Time for the second Panel Mania of the month, this time previewing the wonderful Sophie Goldstein's first long-form work, The Oven.

Keep an eye on those insects within....

You can read Goldstein's mini-comics, which I also highly recommend, here:

In The Oven, Ignatz Award winning creator Sophie Goldstein places her characters in exactly that: a lawless community under a burning sun where people can escape the harsh population controls in a crowded world. A broody couple take centre stage in this subtle tale, science fiction on the surface and a familiar societal poison lurking beneath.

Originally serialized in black and white in the indie comics anthology Maple Key Comics, Goldstein’s six chapter story is presented here in glorious colour, orange-burnt beneath an unforgiving sky.
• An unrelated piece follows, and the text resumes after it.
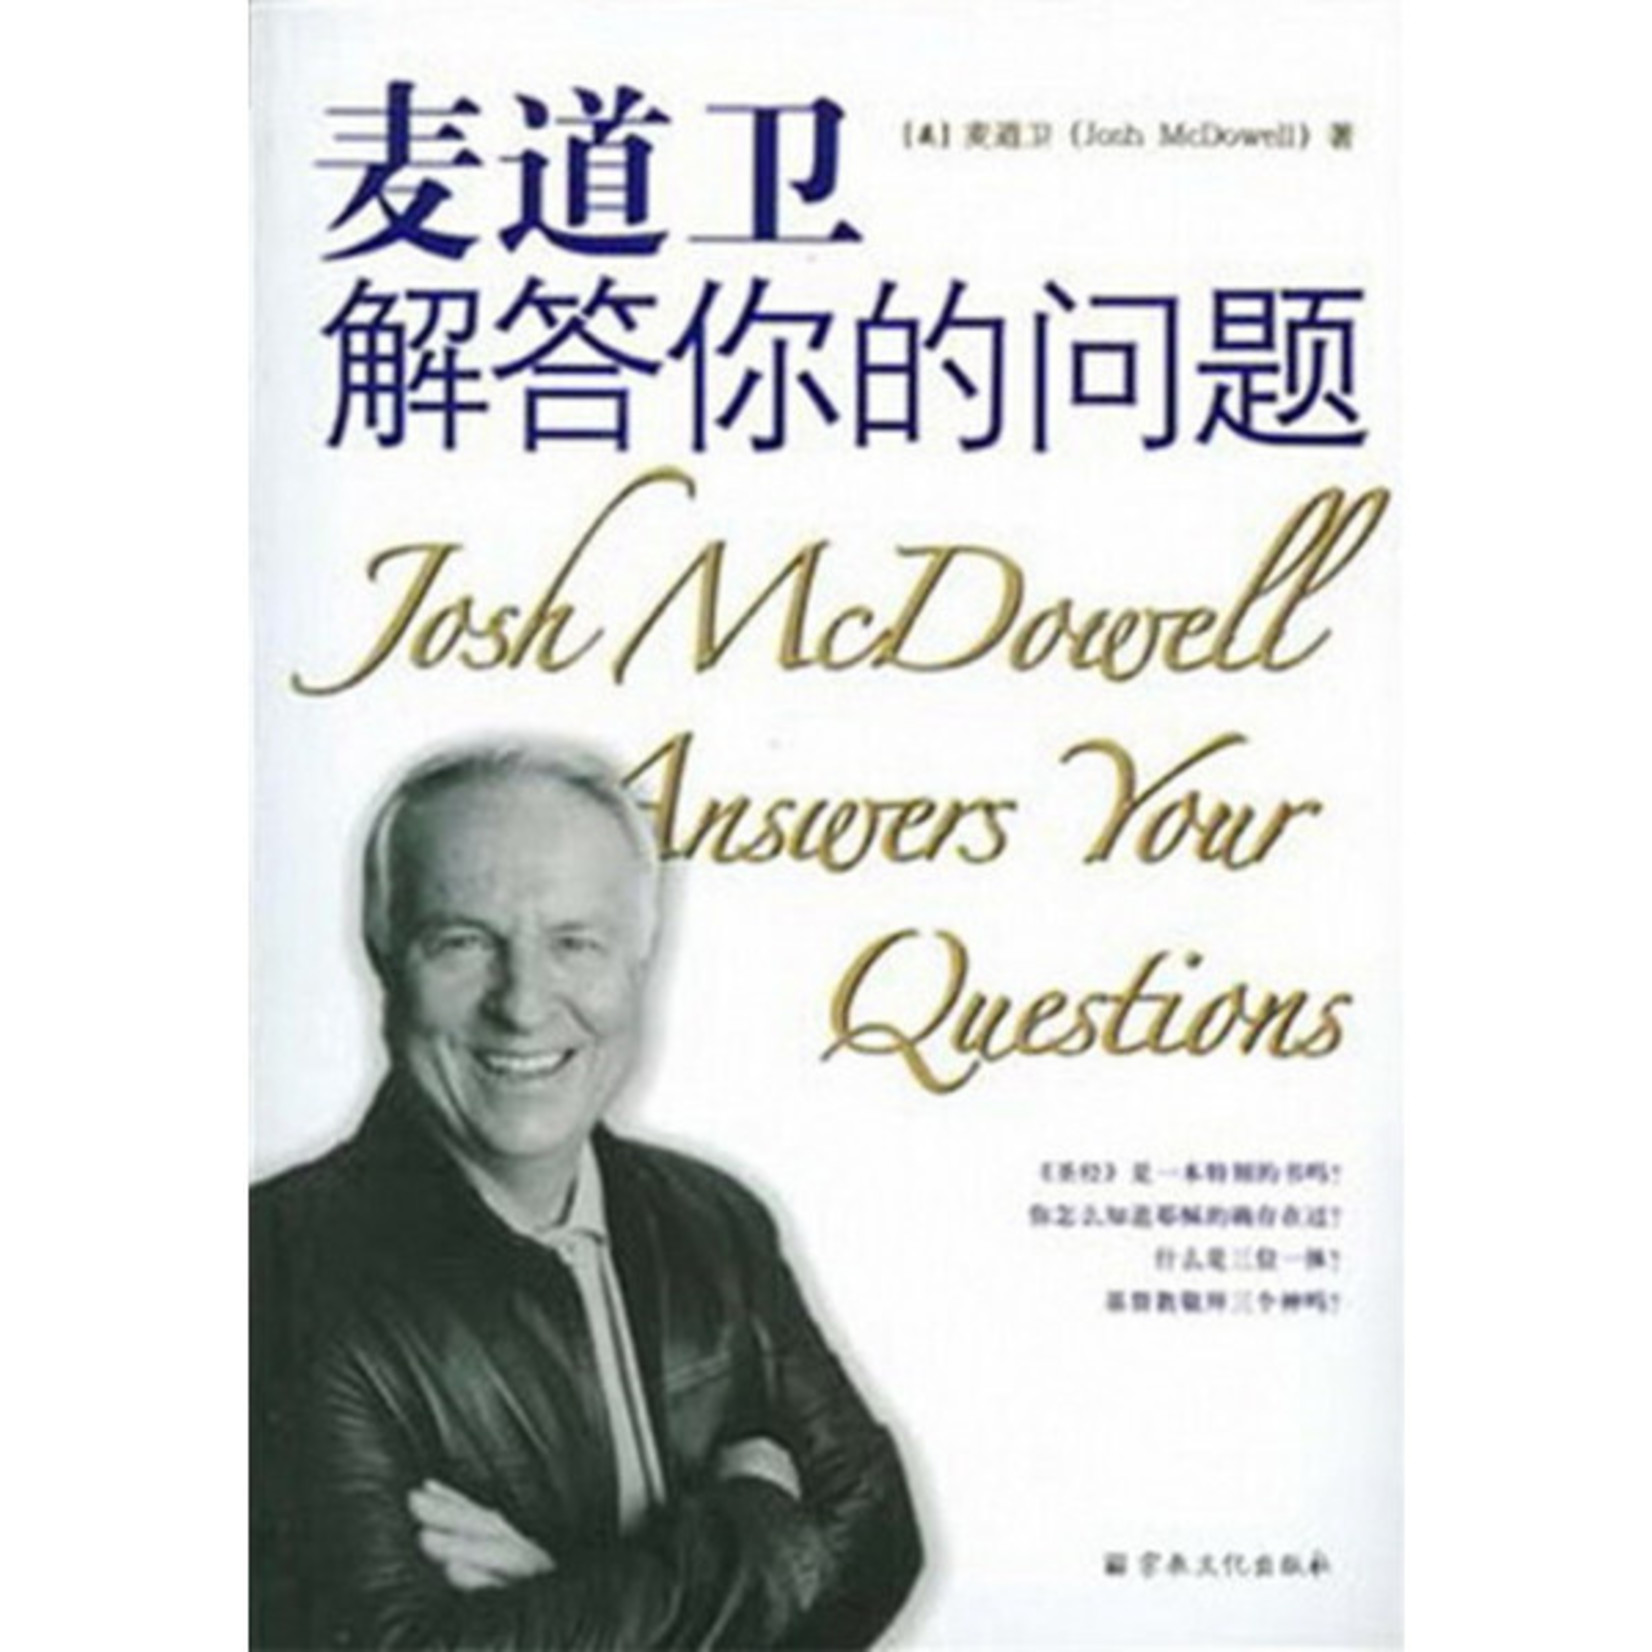 宗教文化出版社 (CN) 麦道卫解答你的问题 Josh MCDowell Answers Your Questions

Syd and Eric long for a baby, but with strict population controls enforced by the state, they see no choice other than to relocate to a backwater commune, off the grid and away from birth control.

The Oven is a book that unfolds slowly, gently even, as simple lines create this fable. A small encampment looks vast and empty, underlining a utopian vision that doesn’t quite line up with expectations. Syd is a beacon of optimism, but the corrupting influence of the outside world is never far from their doorstep. Perhaps even more dangerous is the insidious creep of gender conformity in an anarchic disguise - a small comment here, a sudden split there. It’s telling that the female friend Syd finds wears glasses at all times, blank eyes leaving no clue to the real soul beneath.

The colour palette, black and white, orange and grey, is both warm and foreboding, echoing within the blank skies and landscapes. Only a solitary bug type dances across the void in huge trailing swarms, bursting from the ground to escape up into the skies, leaving its influence behind.

Goldstein is perhaps best known for her long-running webcomic Darwin Carmichael is Going to Hell, co-created with Jenn Jordan, and her Ignatz Award winning mini-comic House of Women in 2014. As with the latter, science fiction and uncomfortable truths are somewhat of a speciality with Goldstein, as indeed are themes of motherhood and fertility. The gorgeous lines and meticulous character work are there to pose questions only – there are no answers here, no dictations, but a seed to be planted within the readers mind.

The Oven is Goldstein’s first long-form work and is perfectly paced; the subtleties within demand re-reading. And like her mini-comics, the ending leaves the reader aching for more.